**** Records shown

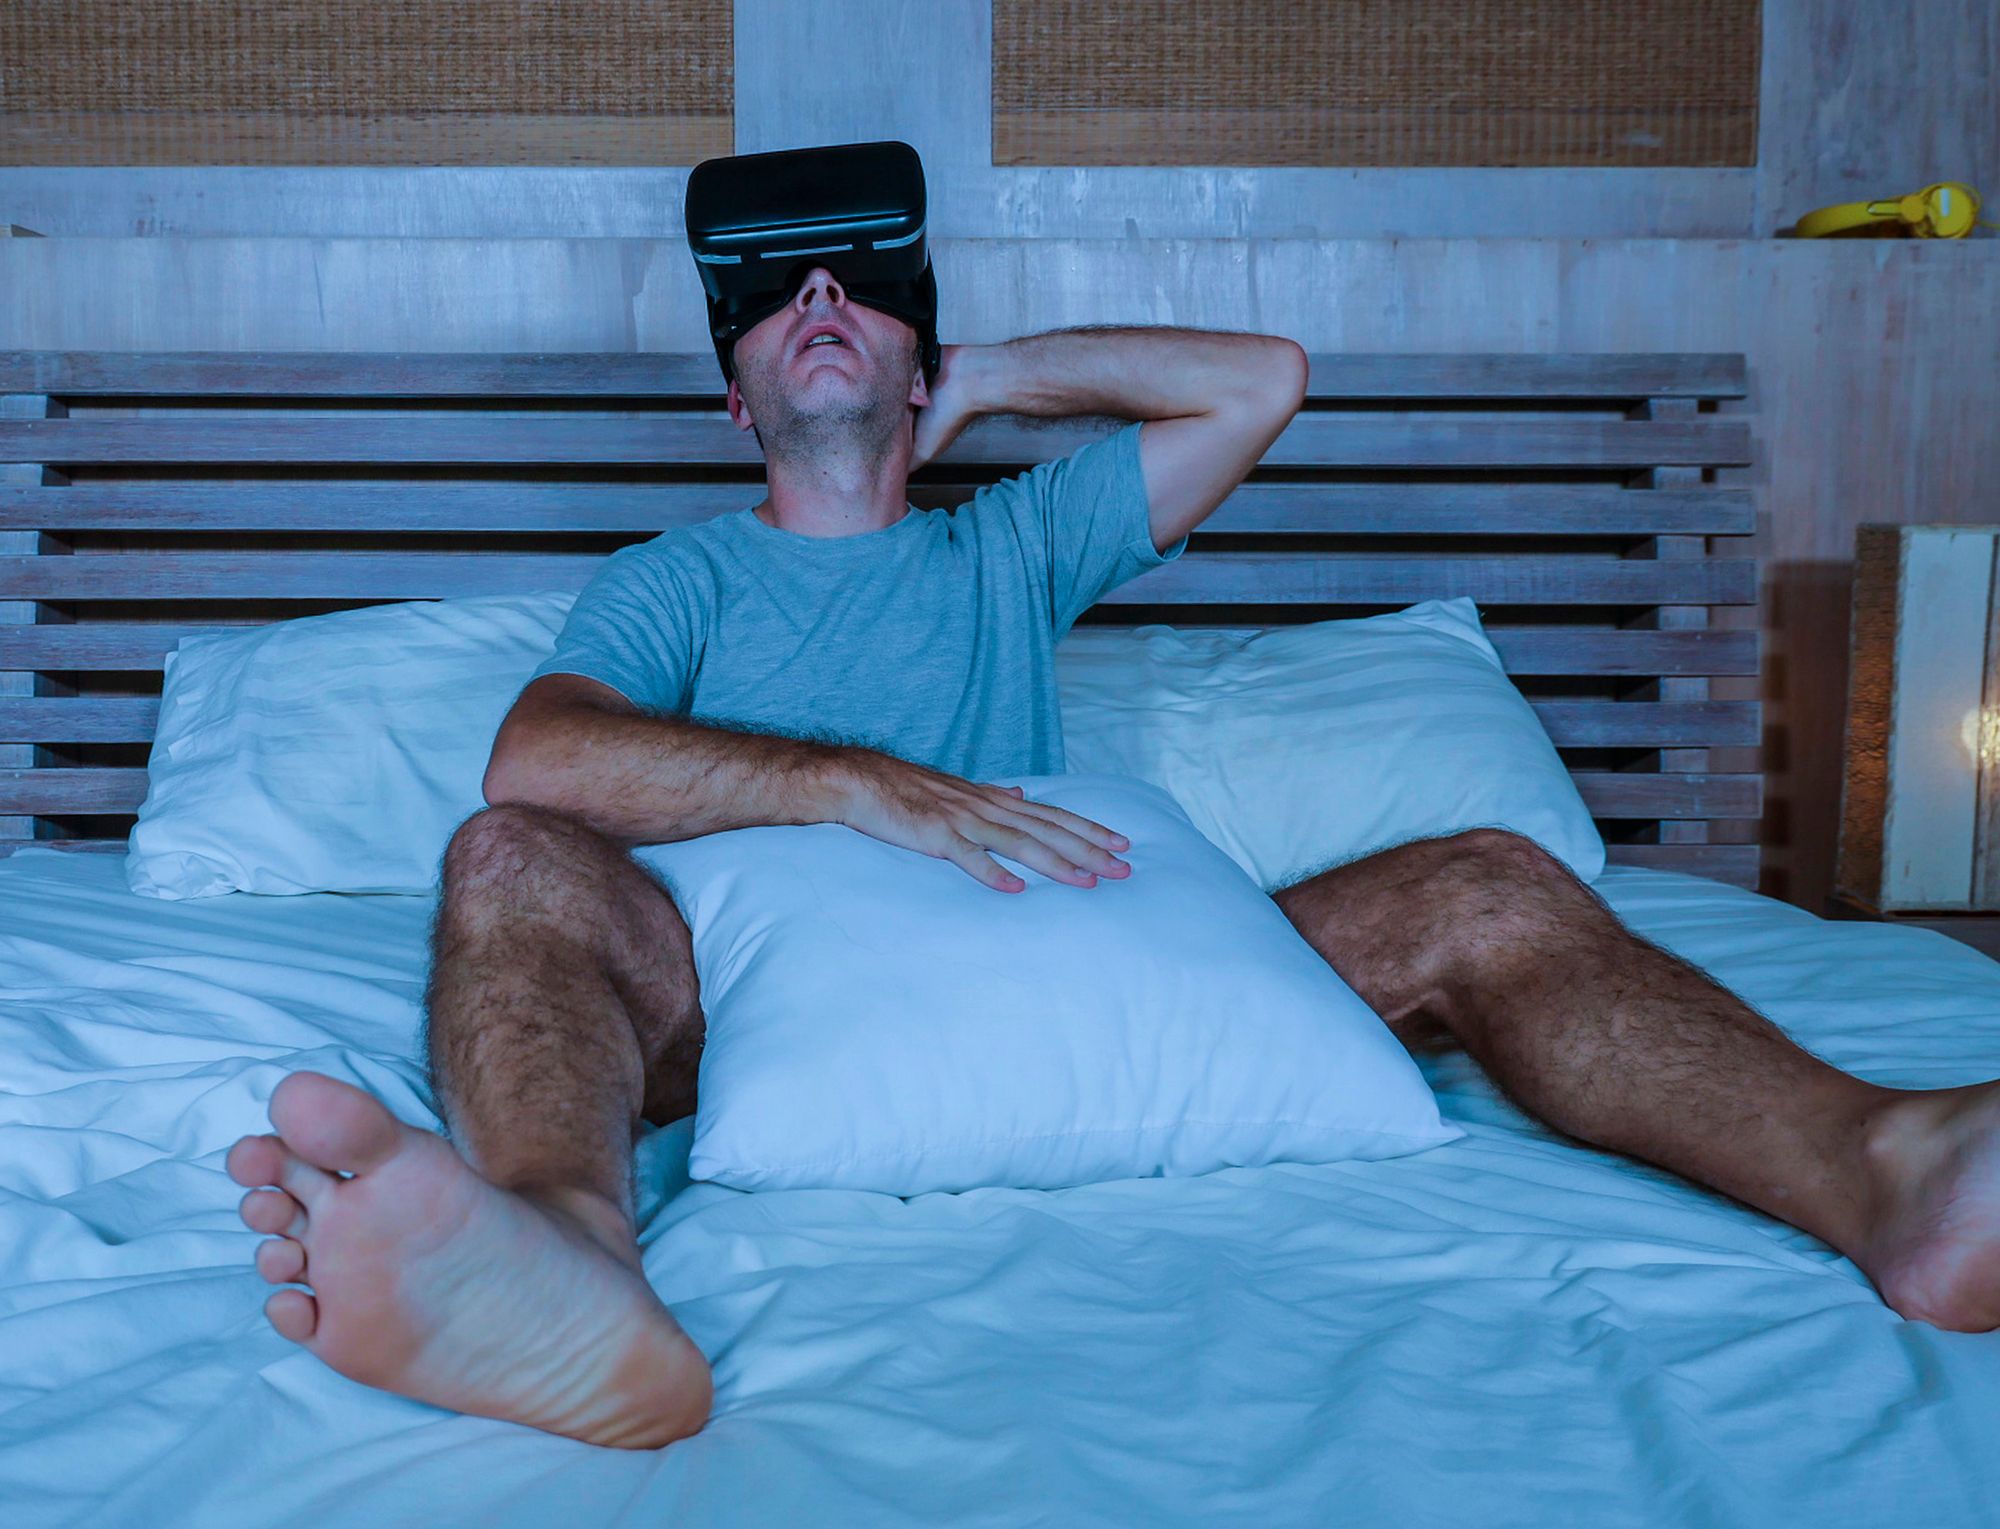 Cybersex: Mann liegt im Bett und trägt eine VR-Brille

********
**** Records shown

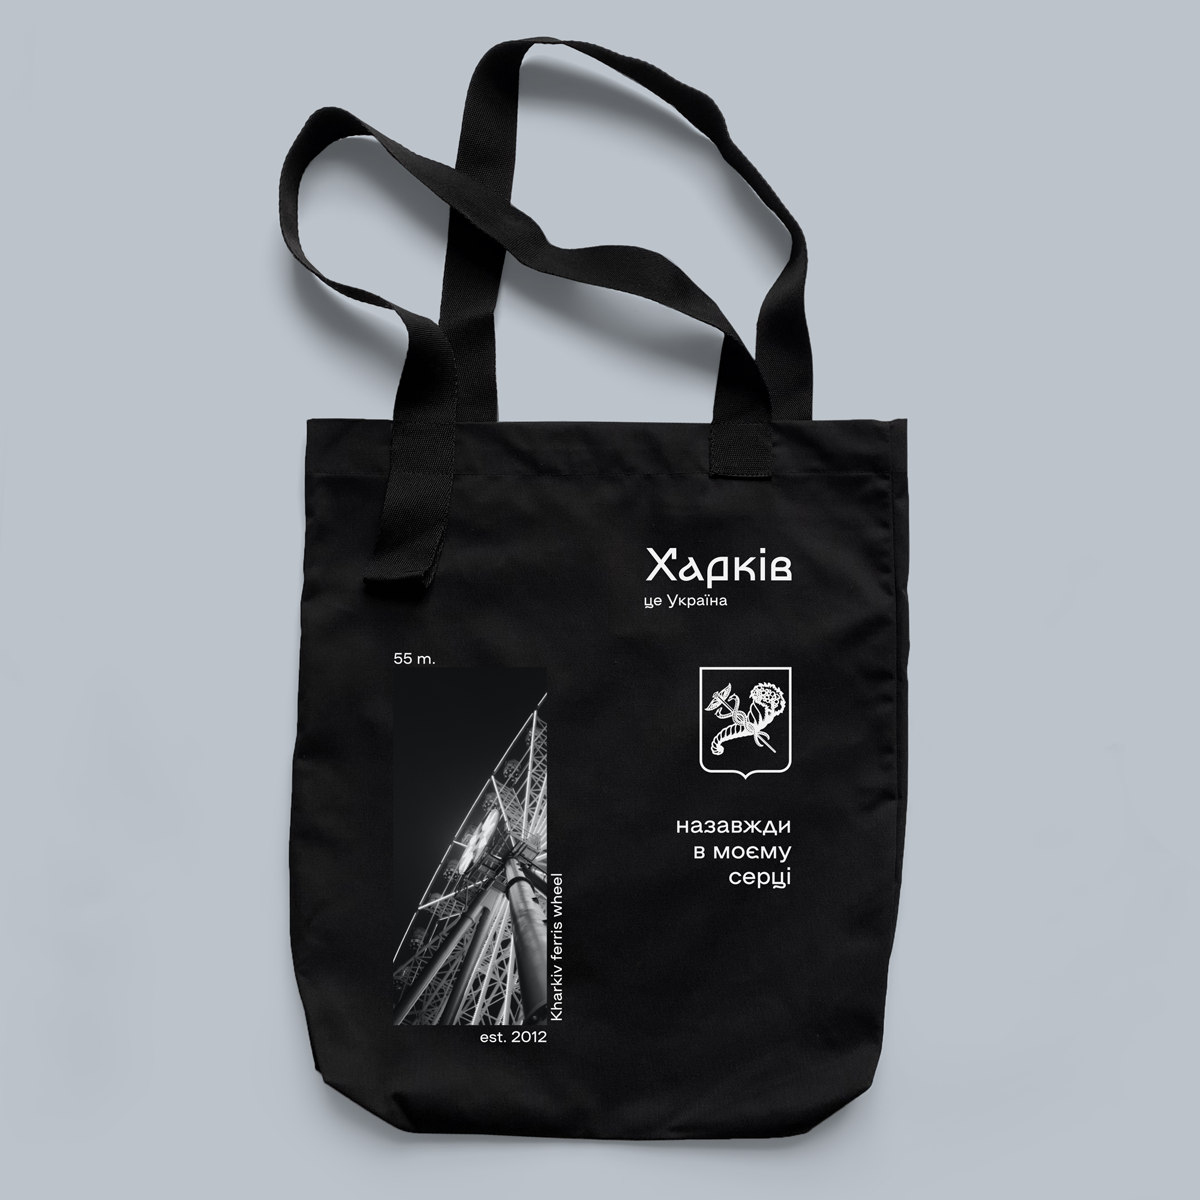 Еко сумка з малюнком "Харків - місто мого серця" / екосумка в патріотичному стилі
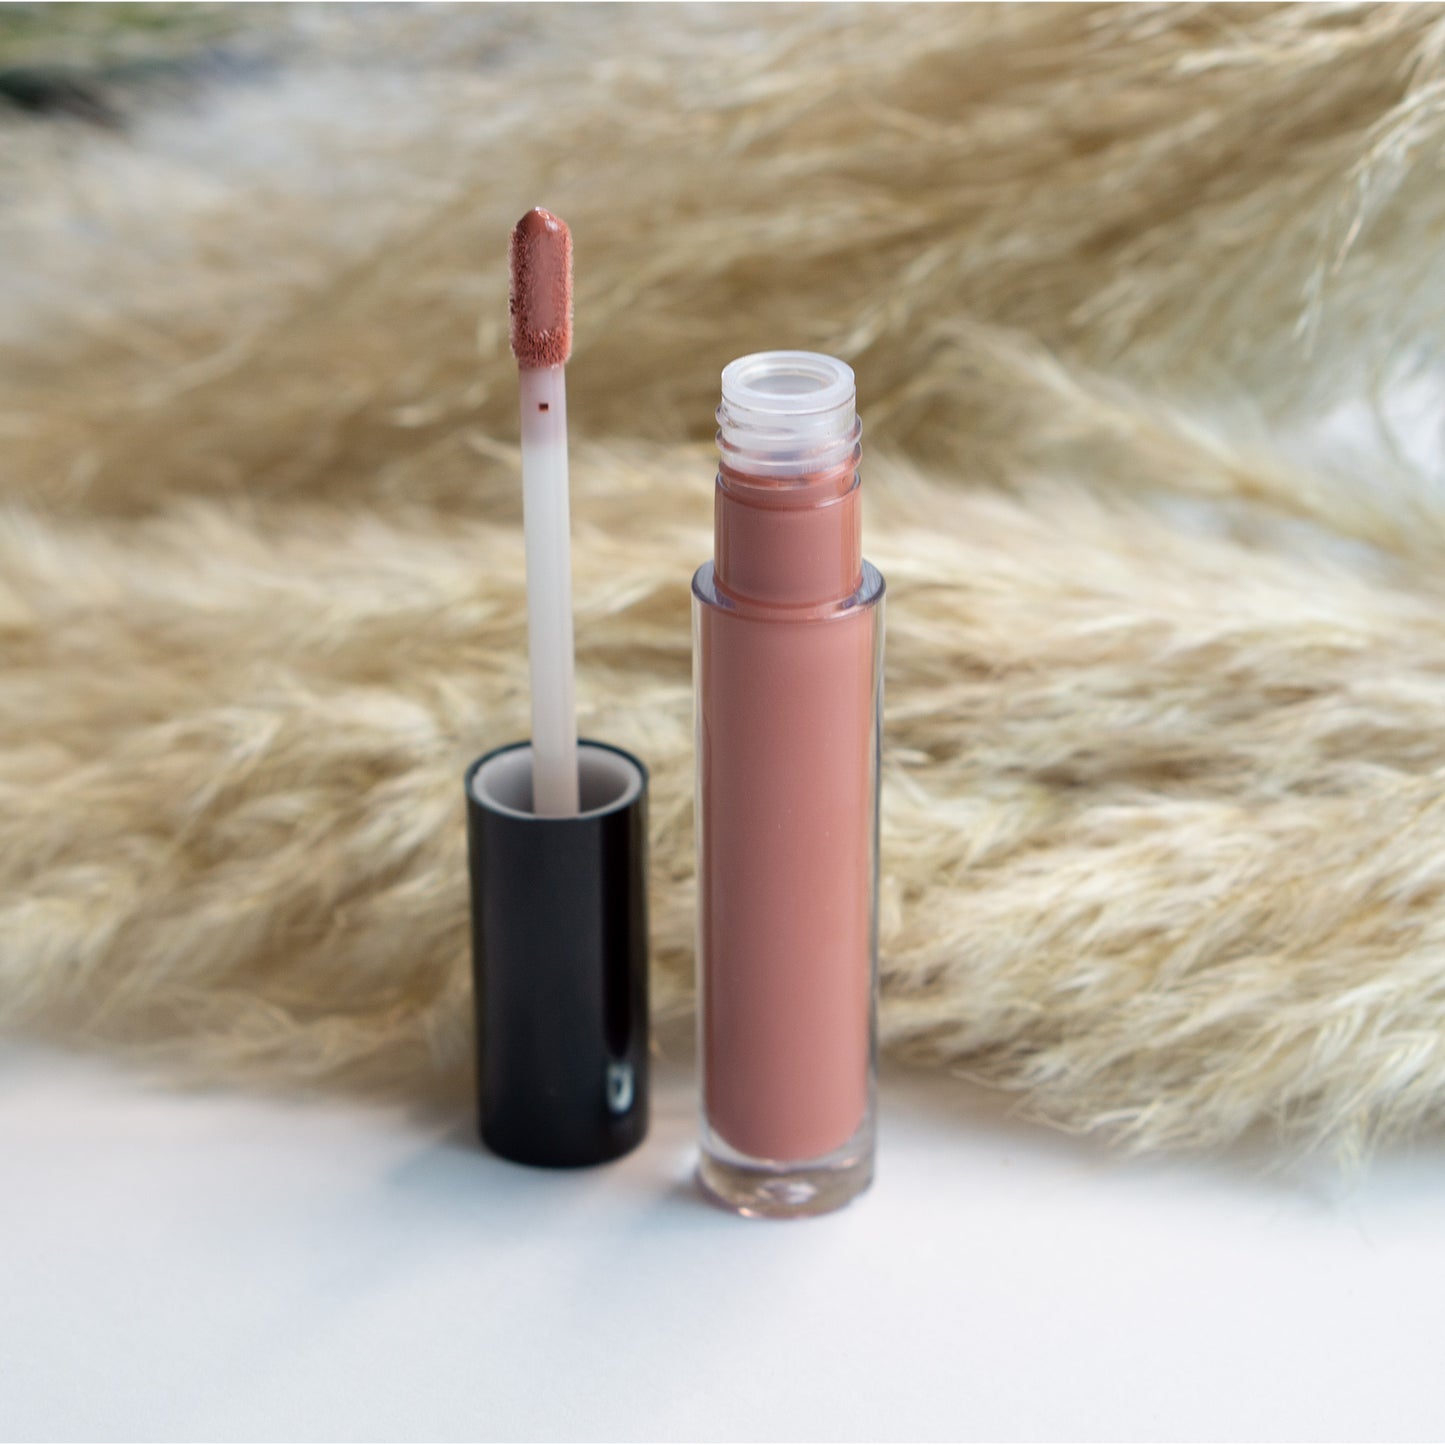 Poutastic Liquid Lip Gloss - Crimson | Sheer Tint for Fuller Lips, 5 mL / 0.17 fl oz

********

## What is needed:
Your copy should hold only the lines above from the one containing "Еко сумка з" through the one containing "Poutastic Liquid Lip", exactly as written and free of pictures.

## Answer box:
 Еко сумка з малюнком "Харків - місто мого серця" / екосумка в патріотичному стилі
 Poutastic Liquid Lip Gloss - Crimson | Sheer Tint for Fuller Lips, 5 mL / 0.17 fl oz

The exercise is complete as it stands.